North Dakota politician from Grand Forks

Jake Blum is an American politician who served as a member of the North Dakota House of Representatives for the 42nd district from 2016 to 2019.

== Early life and education ==
Blum was born in Wausau, Wisconsin and raised in Wayzata, Minnesota. He earned a Bachelor of Science degree in political science and criminal justice from the University of North Dakota.

== Career ==
Blum is a public relations & business consultant, and registered lobbyist. Blum formerly served as a campaign strategist for Senator Kevin Cramer and was a previous employee of the Congressional Leadership Fund aside from his position in the legislature.

Blum also was previously employed as a staffer on the Donald Trump 2020 presidential campaign, and formerly served as State Director of Students for Trump during his time as a student at the University of North Dakota. Blum was previously the youngest elected official in the state of North Dakota.

In March 2018, Blum was formally invited by President Donald Trump to a White House Summit for millennial and Generation Z political leaders and social media personalities, discussing their efforts to highlight the White House's policy proposals.

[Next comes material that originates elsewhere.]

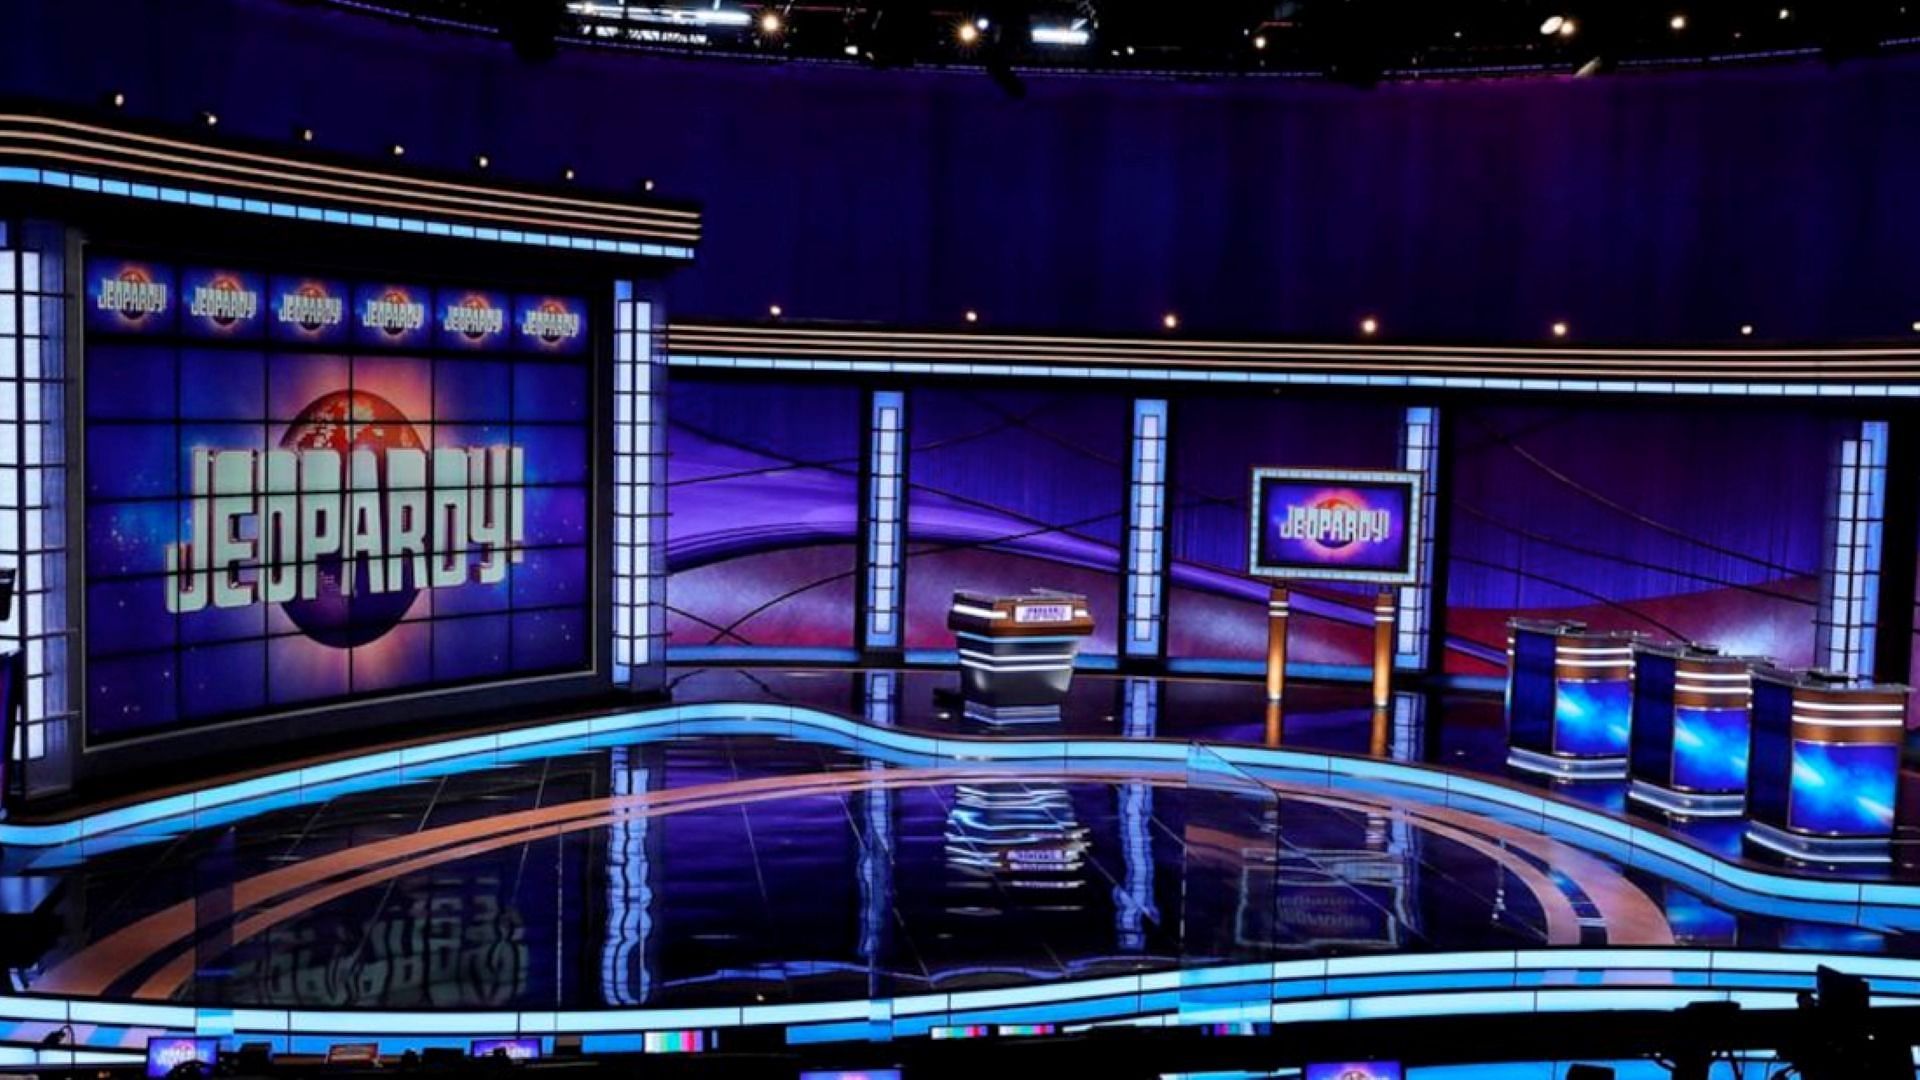 The set of Jeopardy! (Image via @Jeopadry/Instagram)

In October 2019, Blum announced his resignation from the House and that he would be relocating to Minnesota. Following his resignation from the legislature, Blum joined Synergetic Endeavors, a St. Paul-based public affairs and consulting firm, as a communications and business development strategist.

In February 2023, Blum was named National Political Director and Public Relations Manager for Primacy Strategy Group (PSG), a government relations and public affairs firm based in St. Paul, Minnesota. In this role, he has directed government relations and advocacy engagements across Minnesota, North Dakota, South Dakota, Montana, Wisconsin, and Michigan, and has overseen the formation and administration of several political action committees on behalf of the firm and its clients.

== Politics ==

Elections for the North Dakota House of Representatives took place in 2016. The primary election took place on June 14, 2016, in which Blum was unopposed, and the general election was held on November 8, 2016.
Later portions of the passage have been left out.